The RSSI register returns the relative signal strength of the
on-channel signal power.
When receiving, the device may be configured to automatically
measure and store the relative strength of the signal being
received as a 5-bit value. When enabled, an RSSI reading is
taken and may be read through the SPI interface. An RSSI
reading is taken automatically when the start of a packet is
detected. In addition, a new RSSI reading is taken every time the
previous reading is read from the RSSI register, allowing the
background RF energy level on any given channel to be easily
measured when RSSI is read when no signal is being received.
A new reading can occur as fast as once every 12 s.
Receive Spurious Response
The transmitter may exhibit spurs around 50MHz offset at levels
approximately 50dB to 60dB below the carrier power. Receivers
operating at the transmit spur frequency may receive the spur if
the spur level power is greater than the receive sensitivity level.
The workaround for this is to program an additional byte in the
packet header which contains the transmitter channel number.
After the packet is received, the channel number can be
checked. If the channel number does not match the receive
channel then the packet is rejected.
SPI Interface
The SPI interface between the MCU function and the radio
function is a 3-wire SPI Interface. The three pins are MOSI
(Master Out Slave In), SCK (Serial Clock), SS (Slave Select).
There is an alternate 4-wire MISO Interface that requires the
connection of two external pins. The SPI interface is controlled
by configuring the SPI Configure Register. (SPICR Addr: 0x3D).
3-Wire SPI Interface
The radio function receives a clock from the MCU function on the
SCK pin. The MOSI pin is multiplexed with the MISO pin.
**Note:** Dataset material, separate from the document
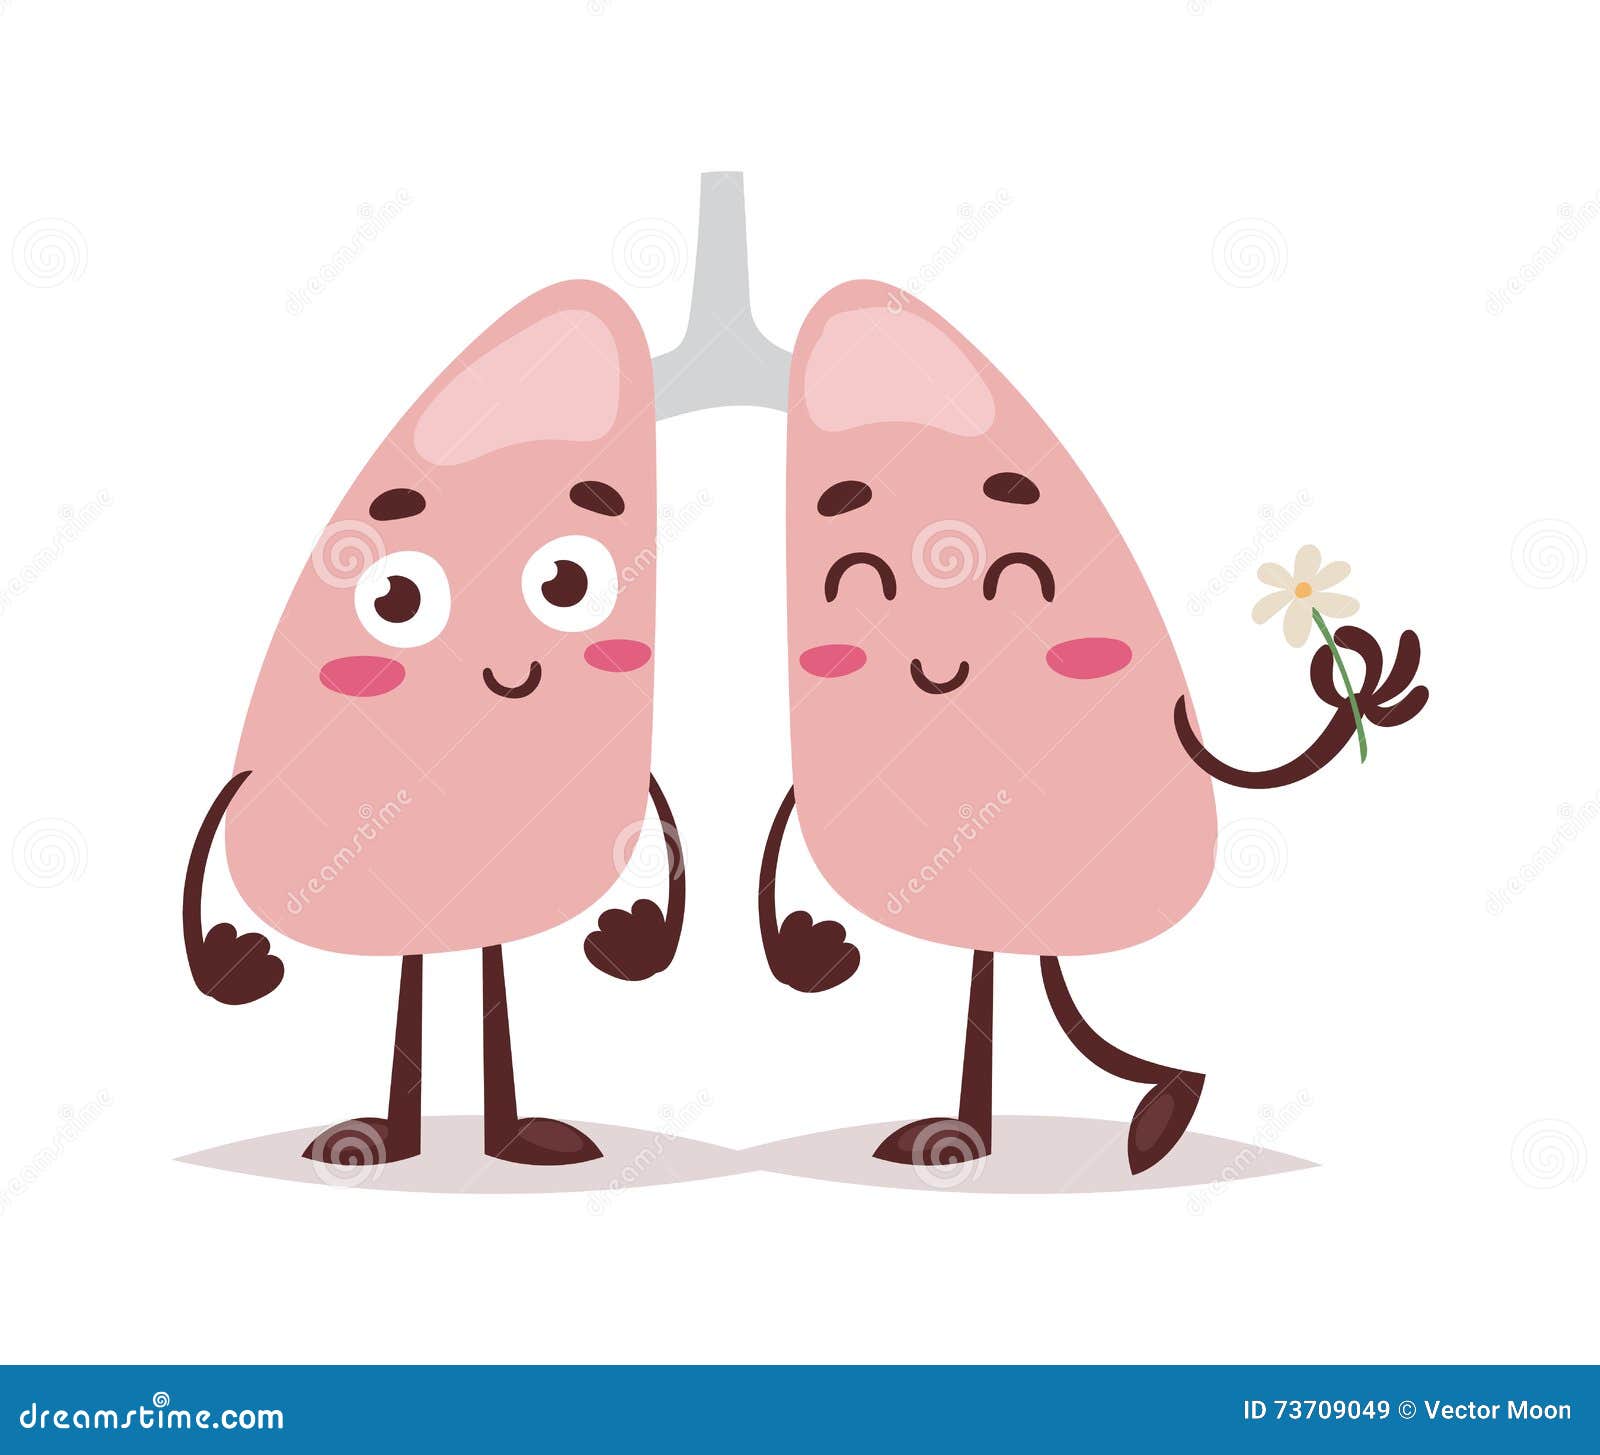 clipart human lungs - photo #38
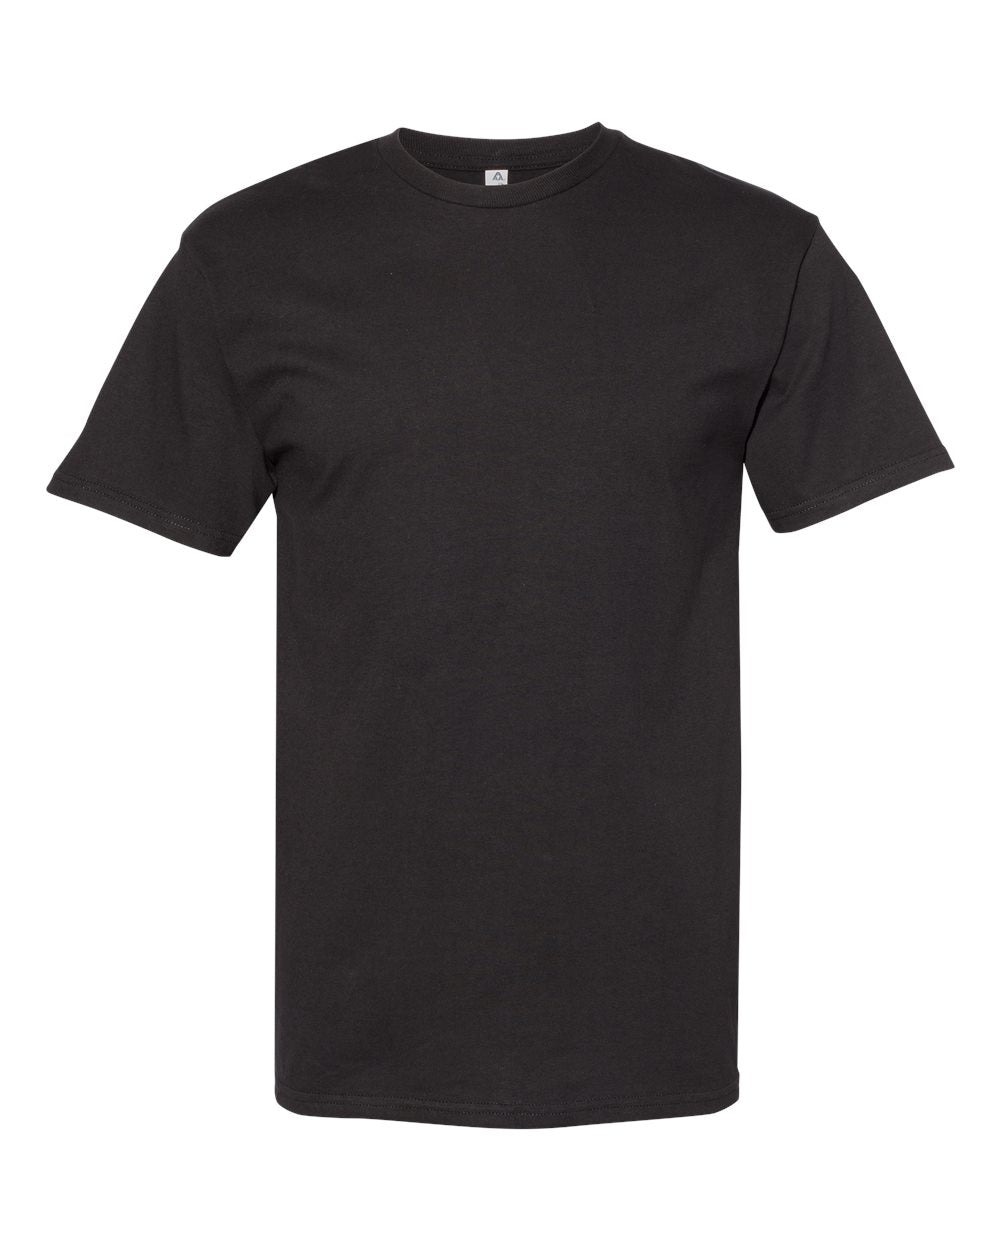 American Apparel Midweight Cotton Unisex Tee 1701 #color_Black

Bidirectional data transfer takes place between the MCU function
and the radio function through this multiplexed MOSI pin. When
using this mode the user firmware must ensure that the MOSI pin
on the MCU function is in a high impedance state, except when
the MCU is actively transmitting data. Firmware must also control
the direction of data flow and switch directions between MCU
function and radio function by setting the SWAP bit [Bit 7] of the
SPI Configure Register. The SS pin is asserted before initiating
a data transfer between the MCU function and the radio function.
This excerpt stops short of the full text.